INFORMATION.
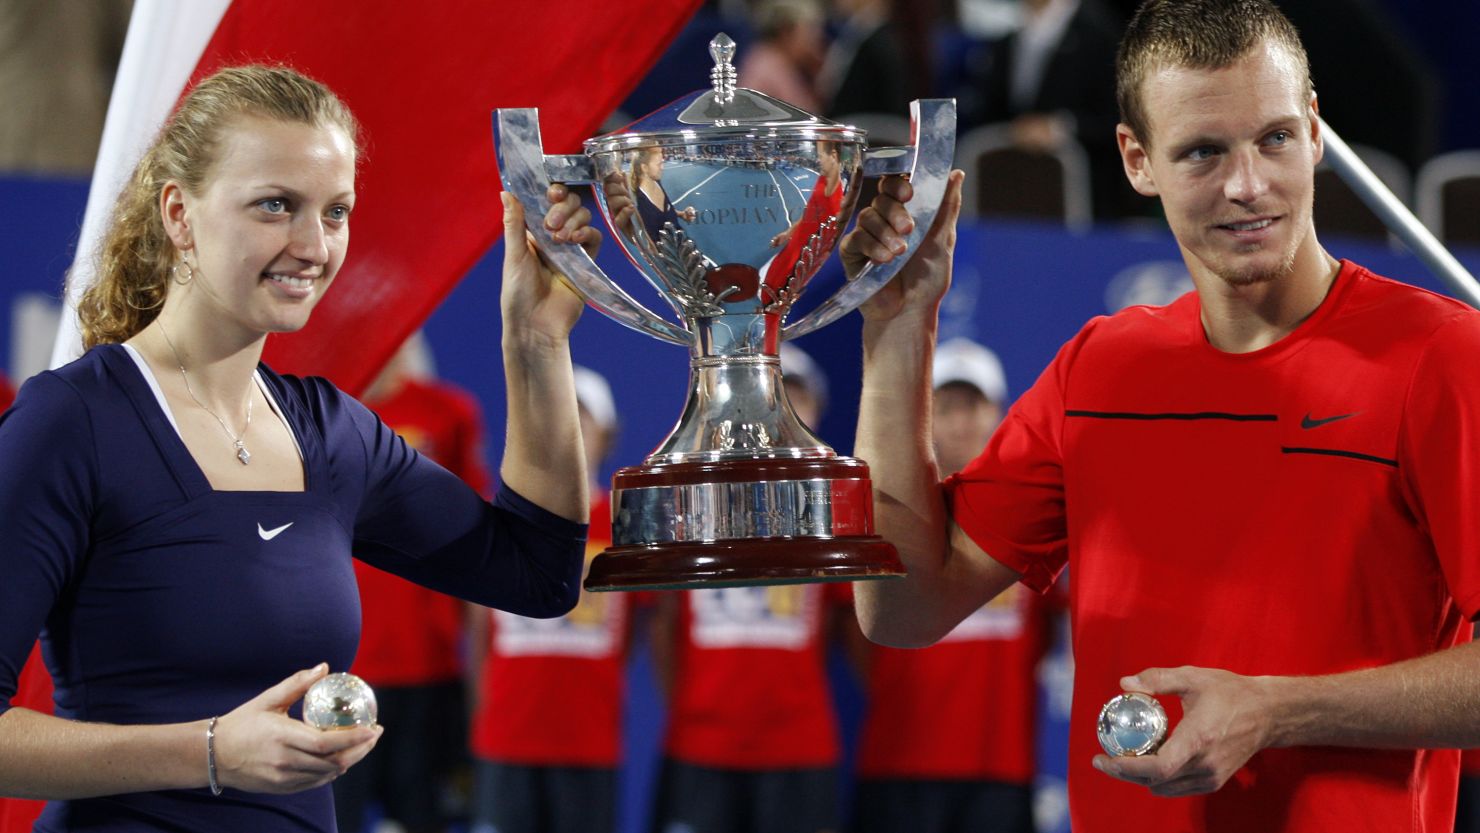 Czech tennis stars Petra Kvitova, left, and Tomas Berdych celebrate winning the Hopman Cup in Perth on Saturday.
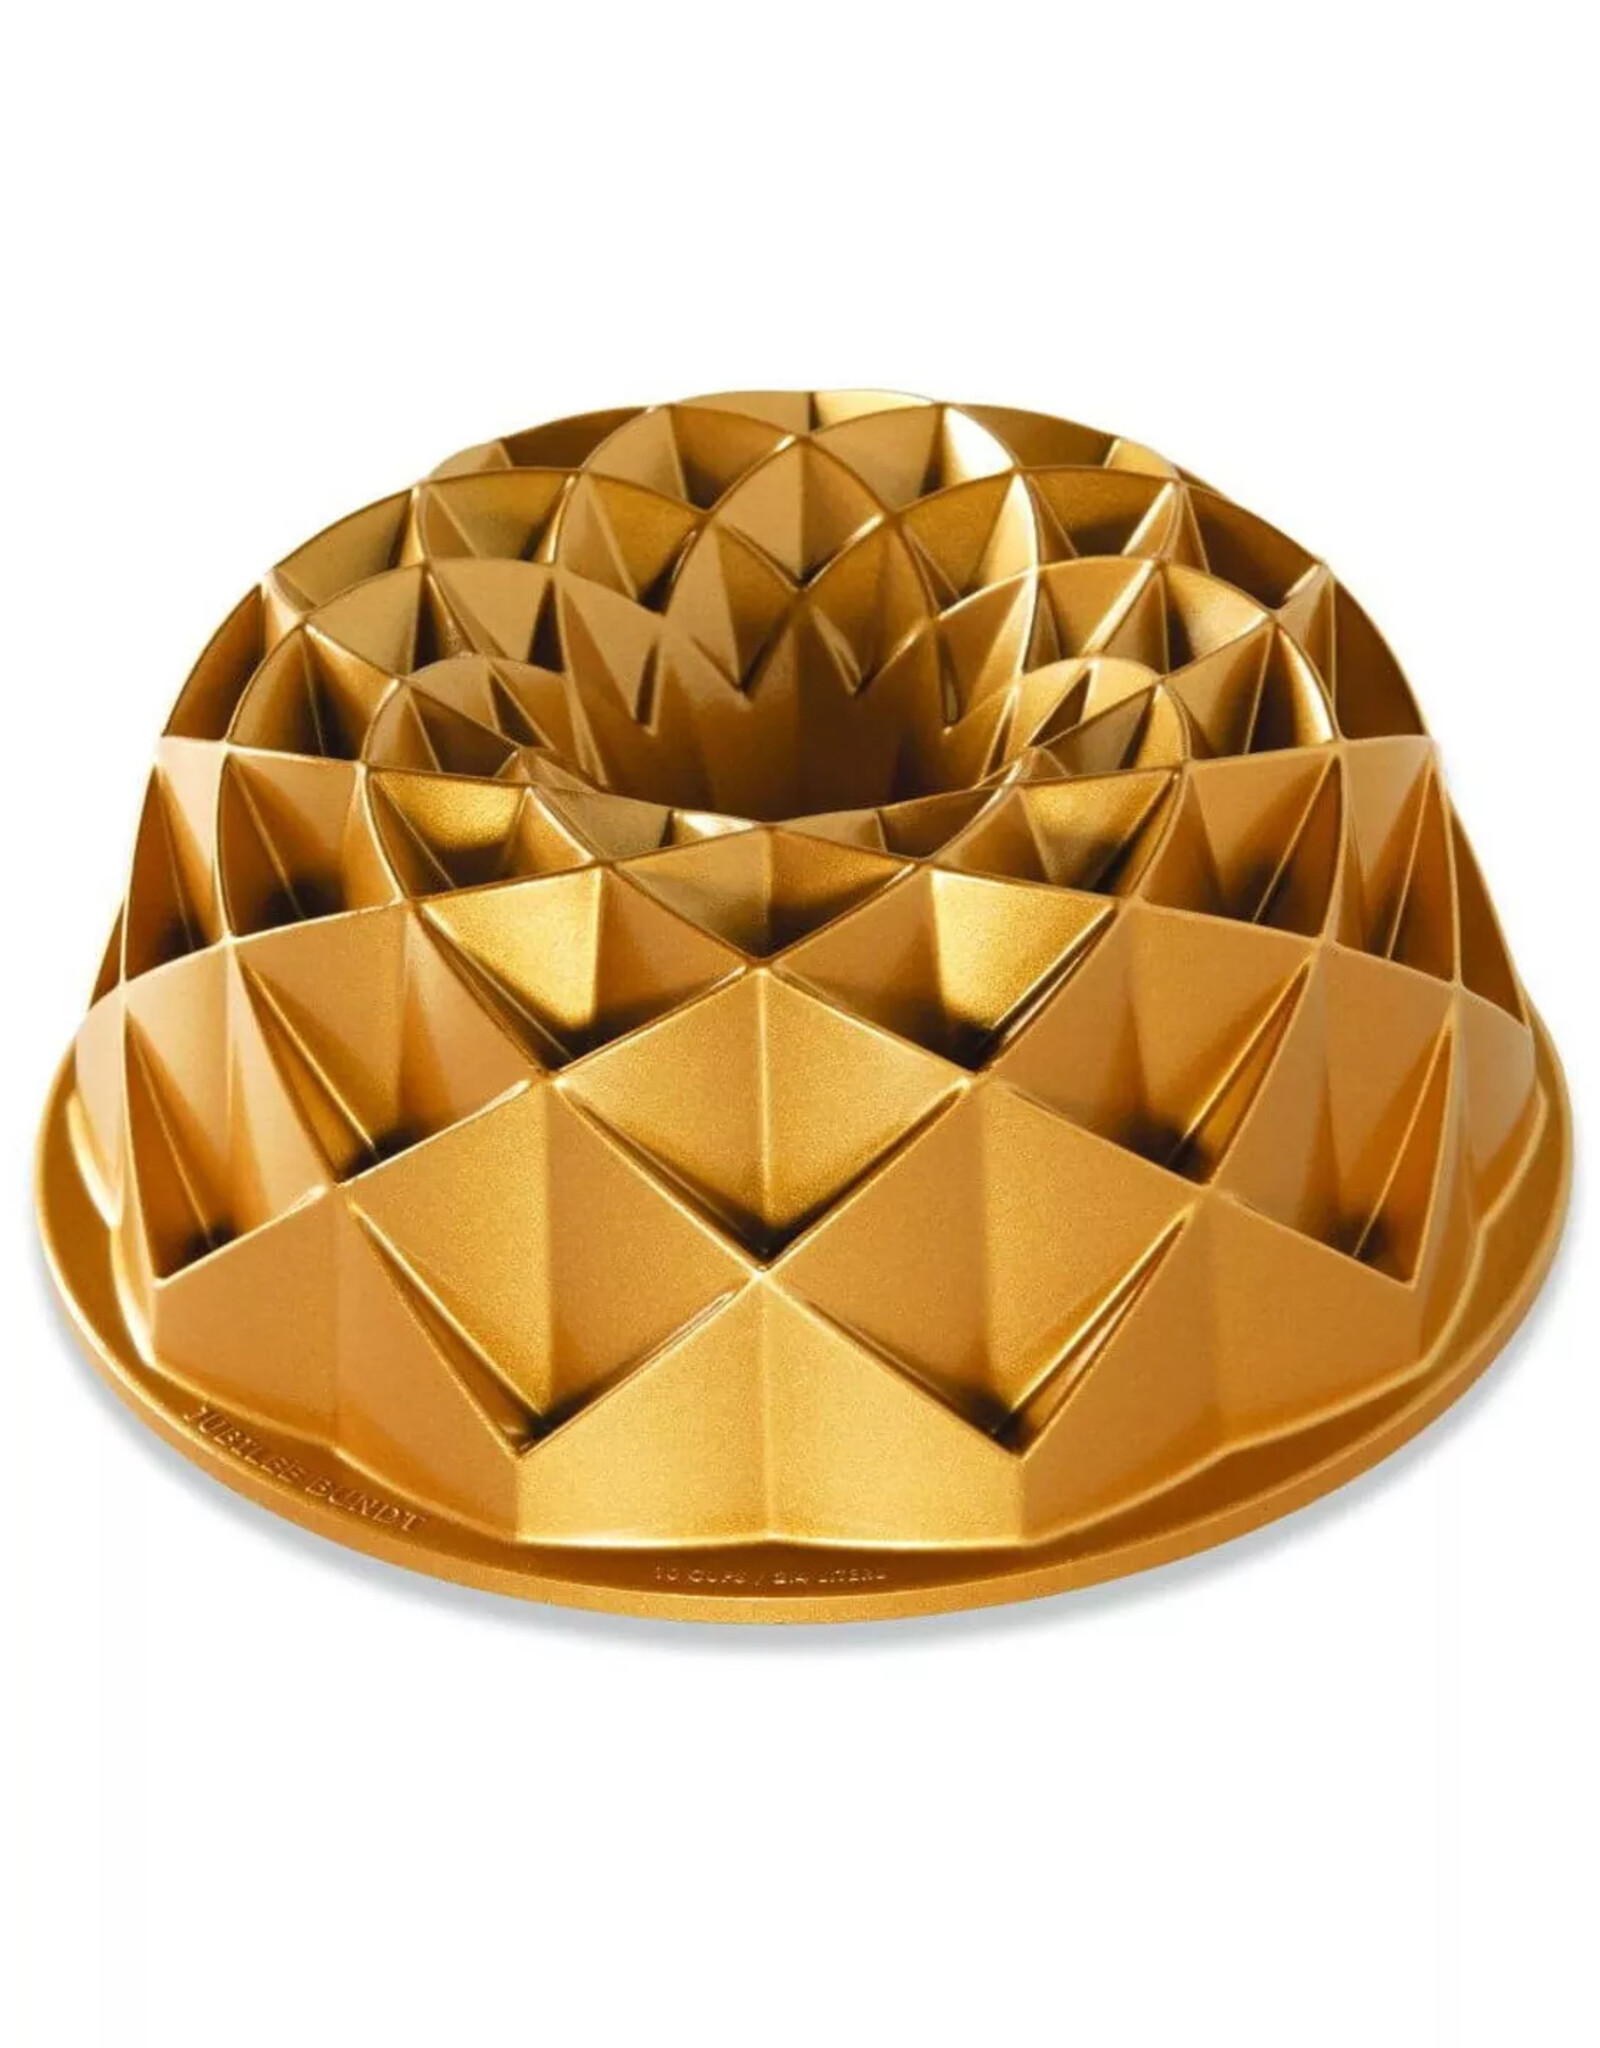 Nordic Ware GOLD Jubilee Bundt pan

...

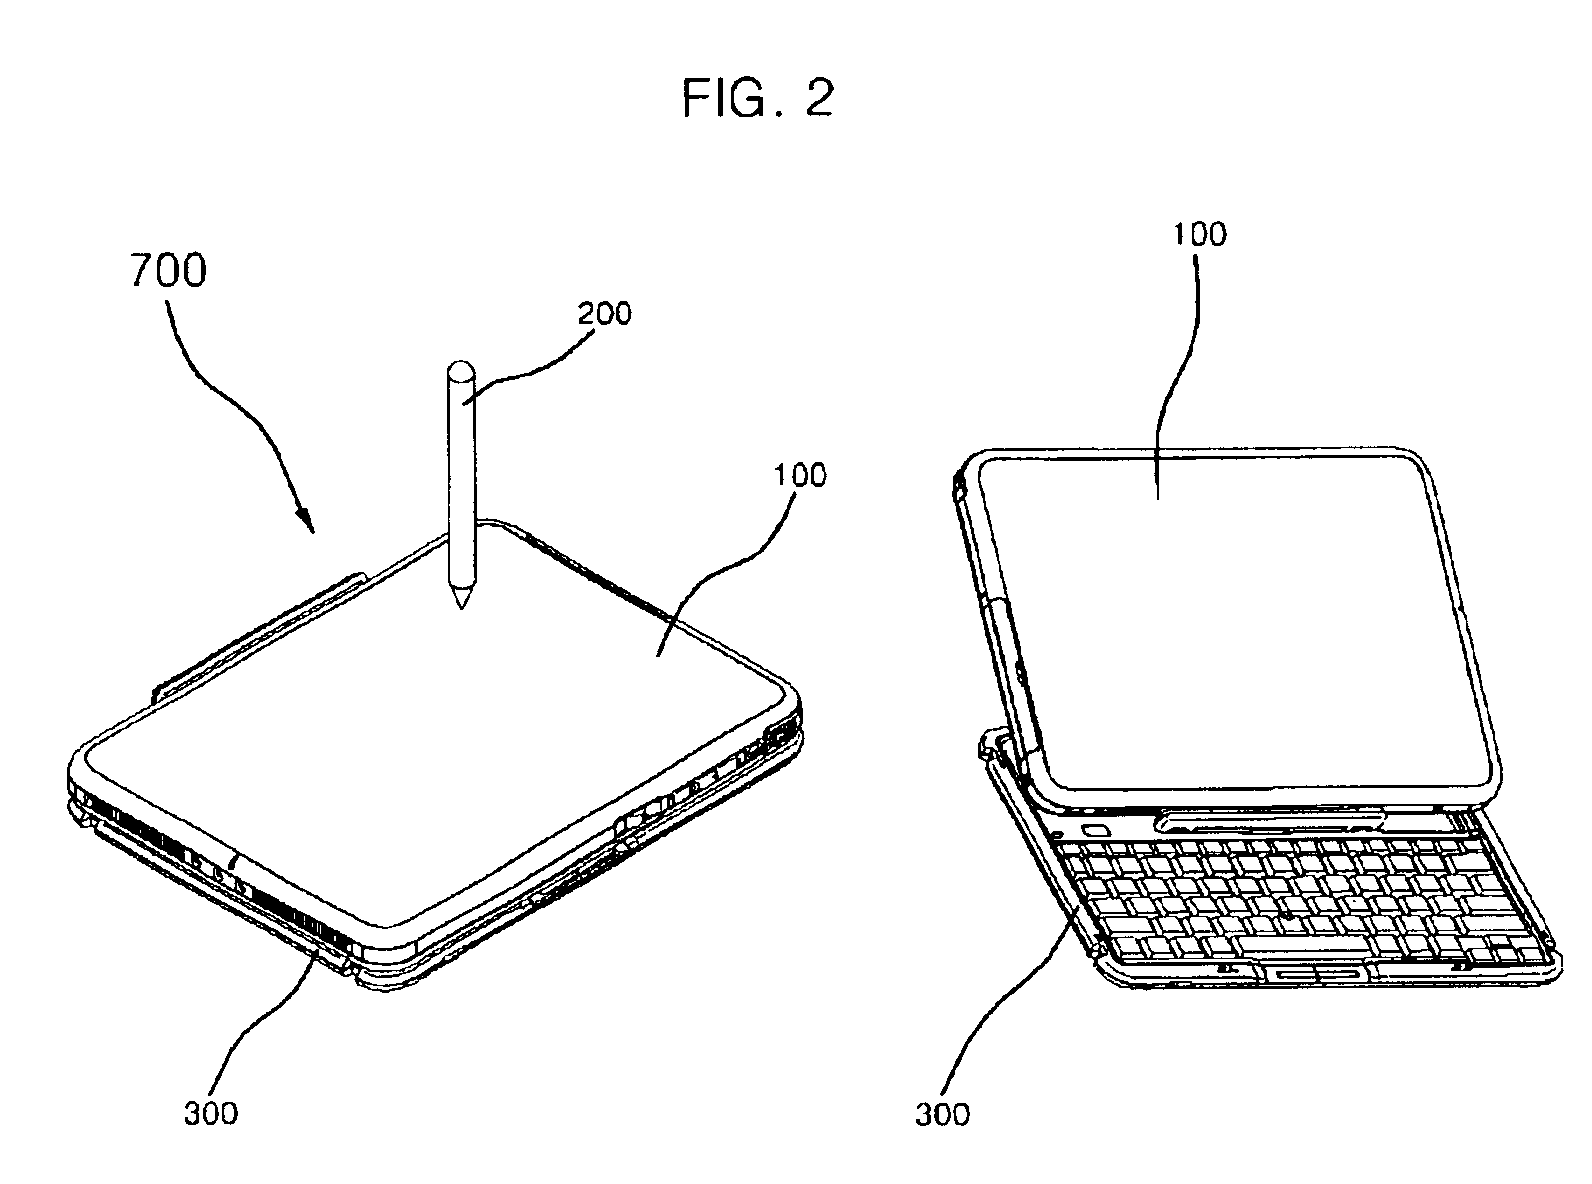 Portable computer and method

--

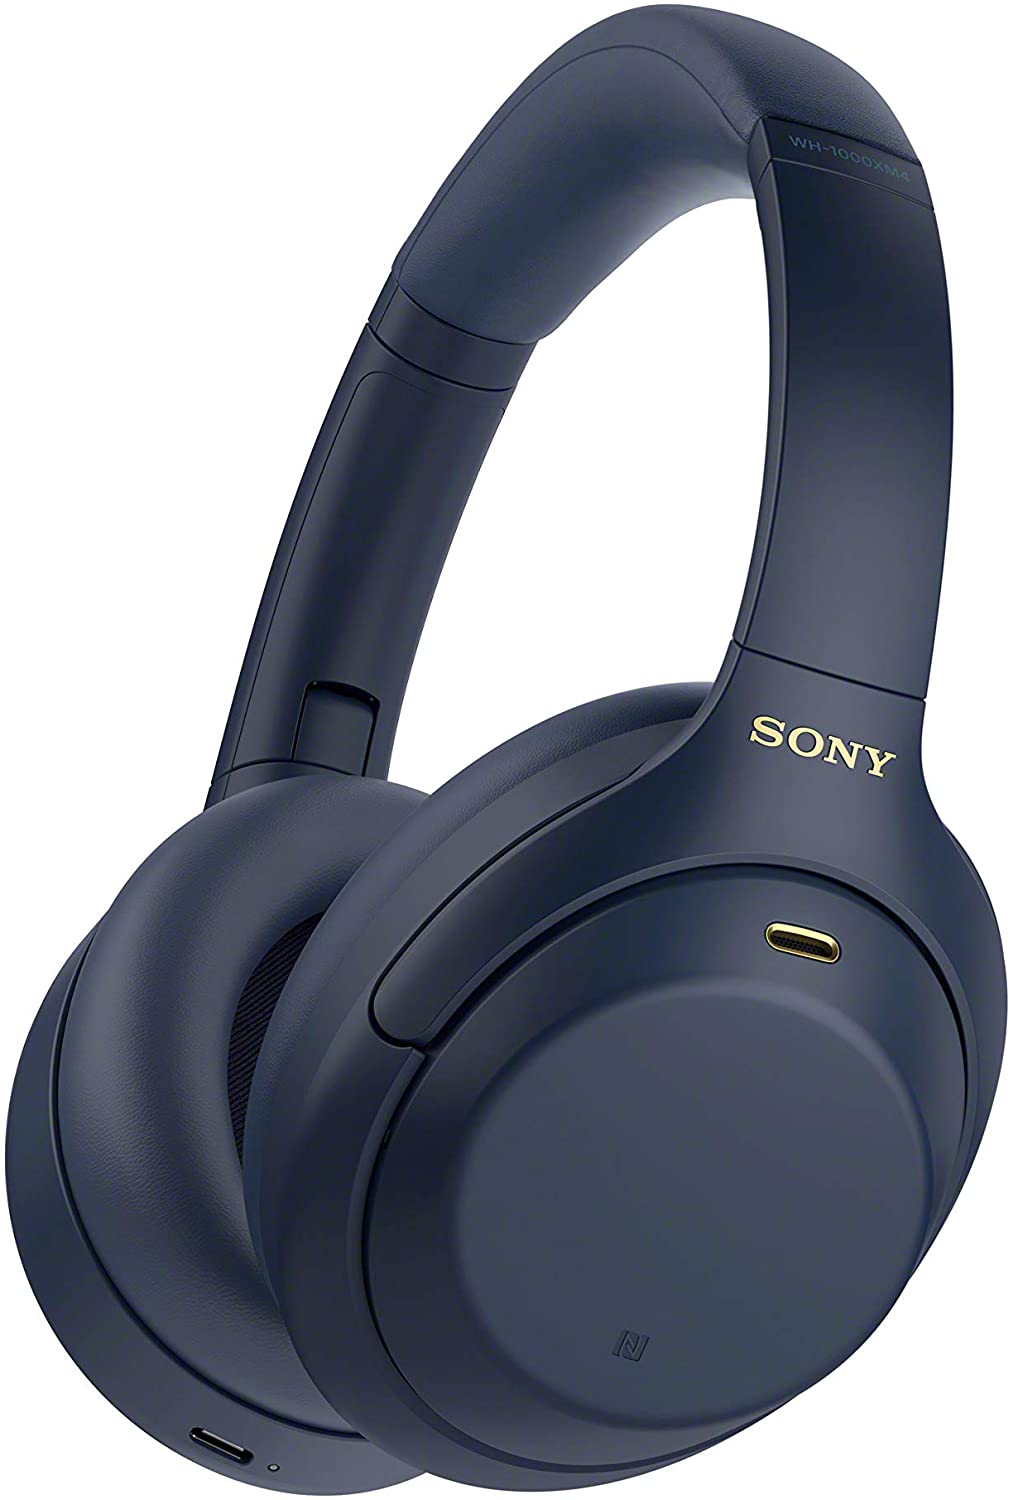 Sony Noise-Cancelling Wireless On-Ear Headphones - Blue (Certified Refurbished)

YOUR TASK. Repeat exactly the lines above, from the line that contains "Czech tennis stars" down through the line that contains "Nordic Ware GOLD Jubilee Bundt pan". Include both of those lines and none of the pictures.

SOLUTION TO THE PROBLEM.
 Czech tennis stars Petra Kvitova, left, and Tomas Berdych celebrate winning the Hopman Cup in Perth on Saturday.
 Nordic Ware GOLD Jubilee Bundt pan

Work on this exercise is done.